Everything comes at a price. The non-dream jobs that you have to do is the price for the dream job that you love. While you wait to be worthy of your dream job, the current job you work at should serve as a platform to help you learn and acquire the needed skills, competence, expertise and experience that is needed to get you to become worthy of the job you love. Don’t put forth a wrong attitude to it, don’t make like it is beneath you.
As a rule, don’t give less than your best to anything that your commit your time and attention to. Strength of character is built when you pay as much diligence to your less-than-ideal work, as you would if it were your ideal job. In the words of the great revolutionary, Martin Luther King Junior, ‘if a man has been called to be a street sweeper, he should sweep streets even as Michelangelo painted, or Beethoven composed music, or Shakespeare wrote poetry. He should sweep streets so well that all the hosts of heaven and earth will pause and say, here lived a great street sweeper who did his job well’.3
While you wait for the dream job, work on your present job like it is the best job that there is. If your job doesn’t give you dignity like you hoped, you can dignify it yourself. It is about whom you become in the process of working. If you do the job, you don’t like with the needed diligence, it will add up to helping you get the job that you want.

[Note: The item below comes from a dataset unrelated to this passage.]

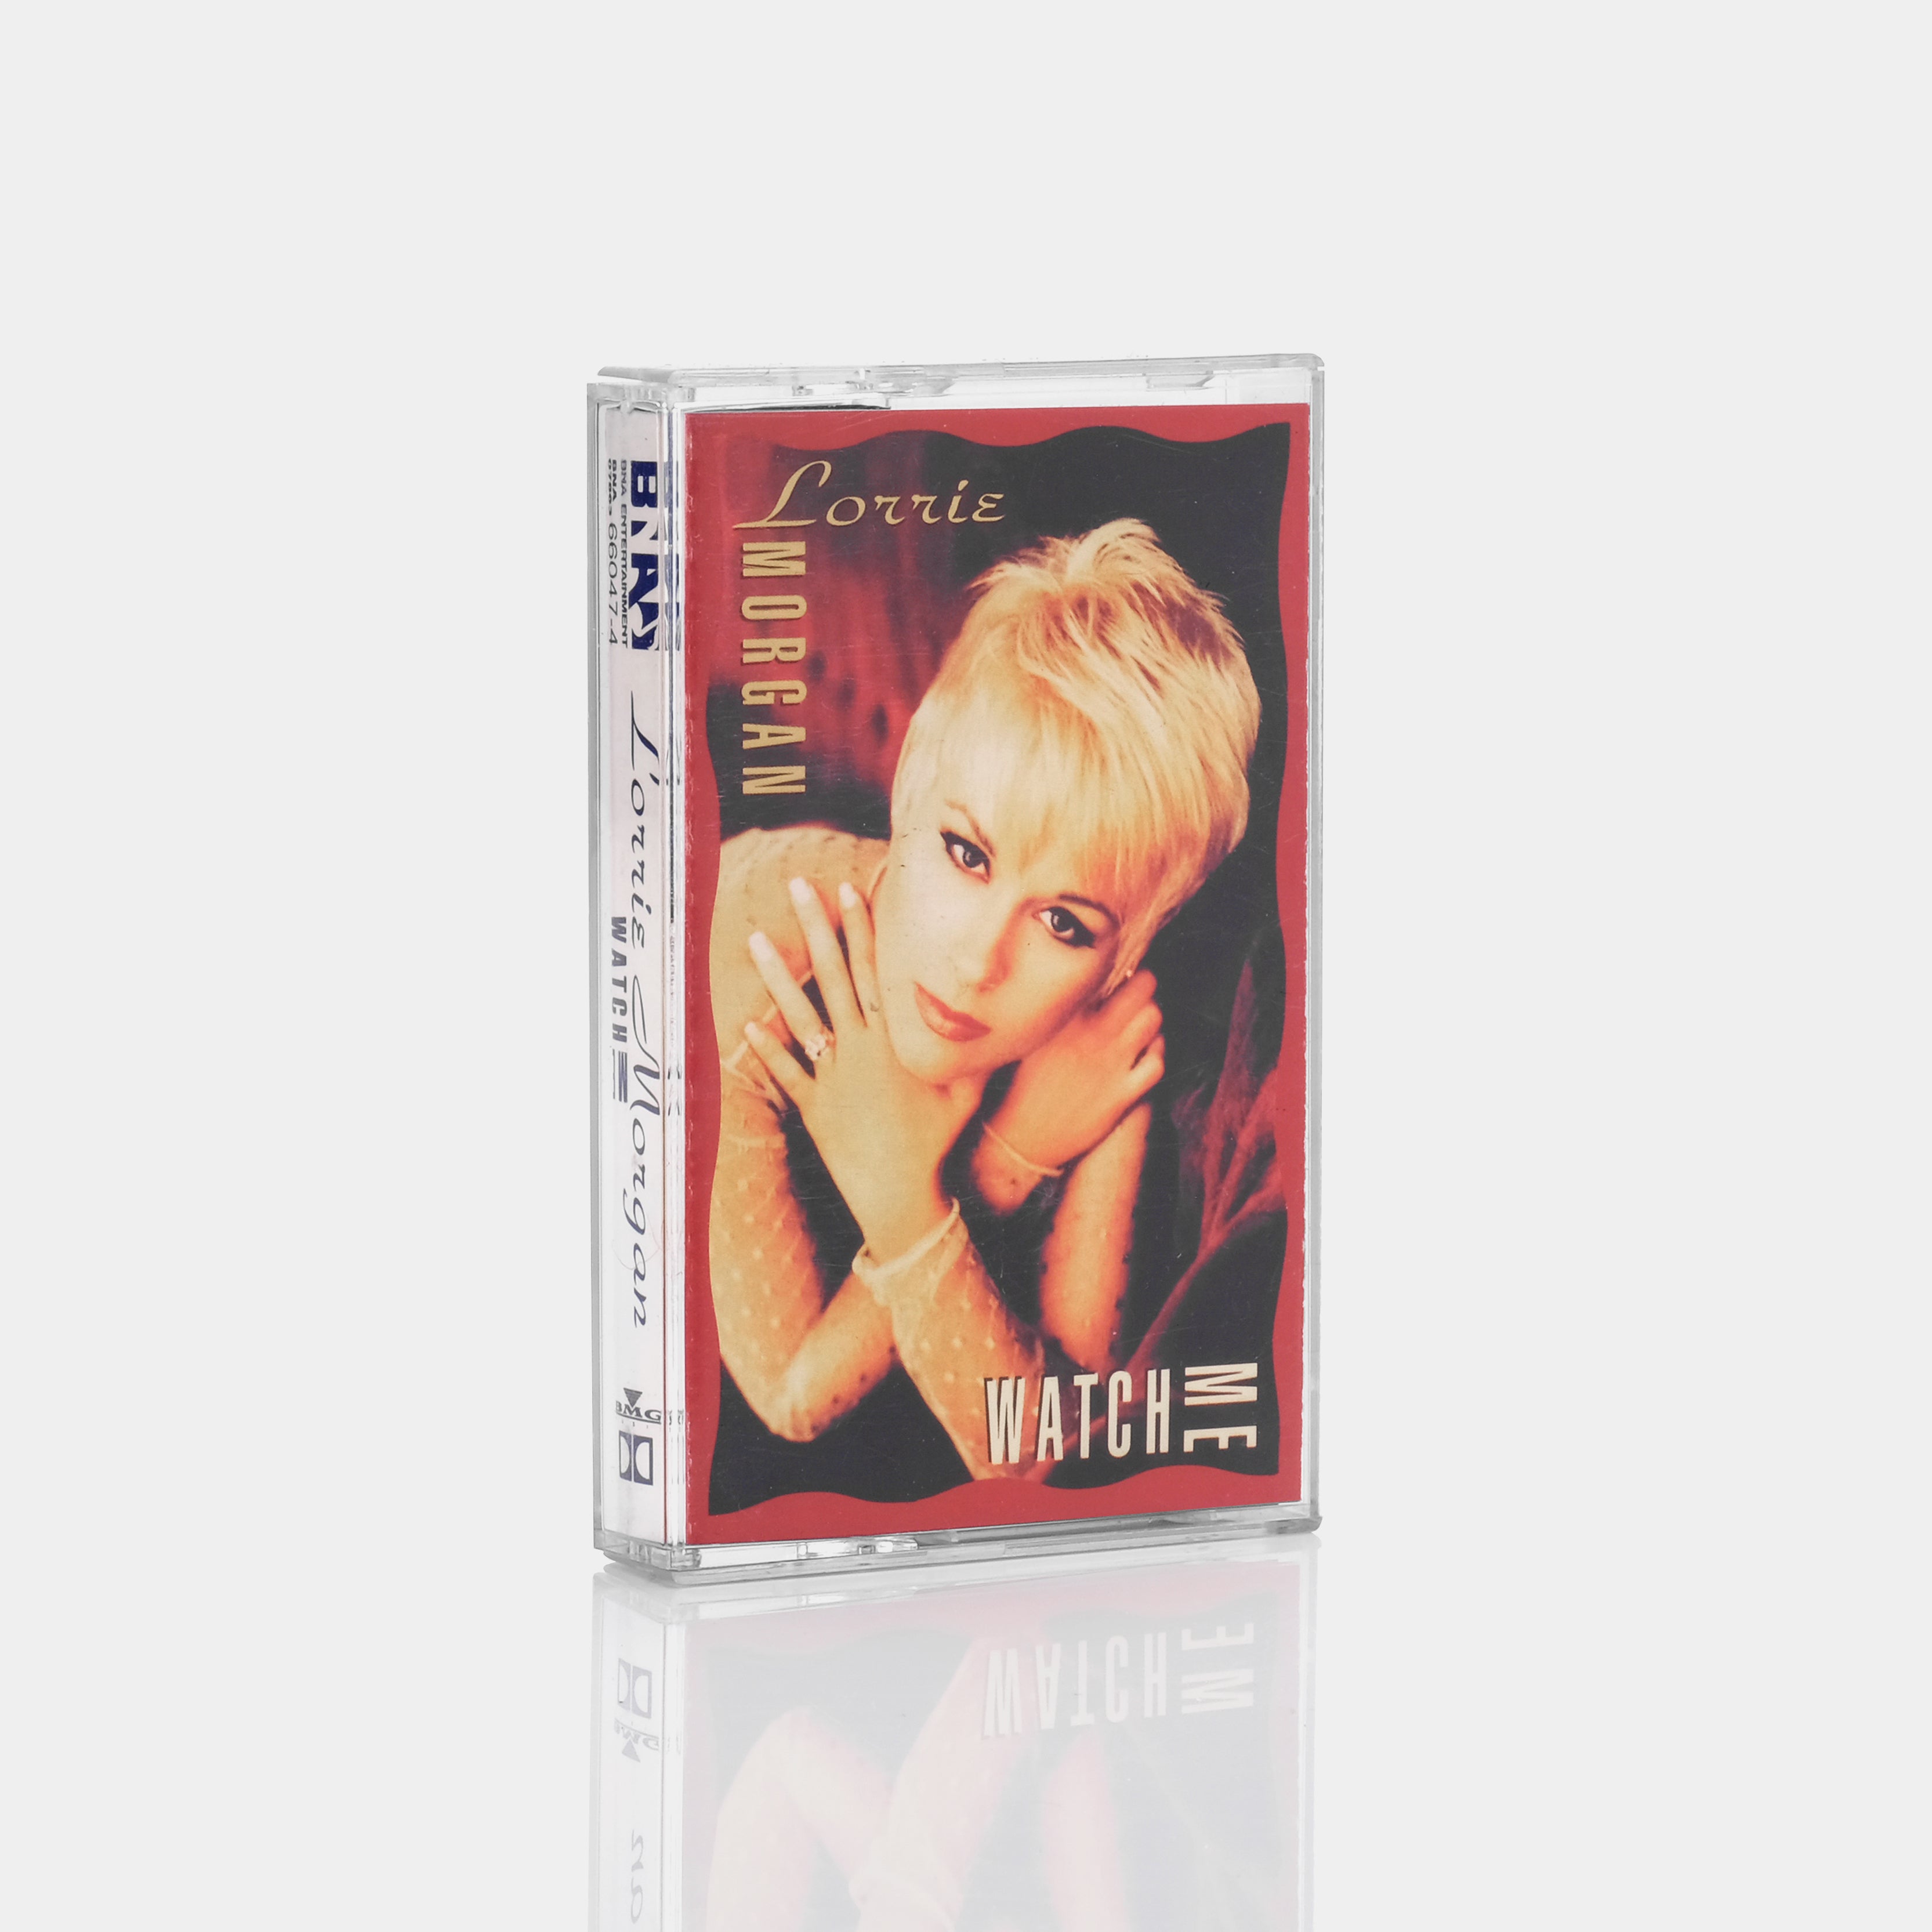 Lorrie Morgan - Watch Me Cassette Tape

To interpret Mr. Jobs’ advice as not taking up any job that is available if it is less than your idea job, will be a complete misrepresentation of what he likely had in mind. Keep looking, don’t settle is not to say you do nothing or pass up less jobs while you are yet to be qualified for that ideal, dream job.
The way to get the job that you love without settling is to take on the job available and work at it as diligently as you would have worked on your ideal job.
So, keep growing, don’t settle; and work on yourself while your work at your job.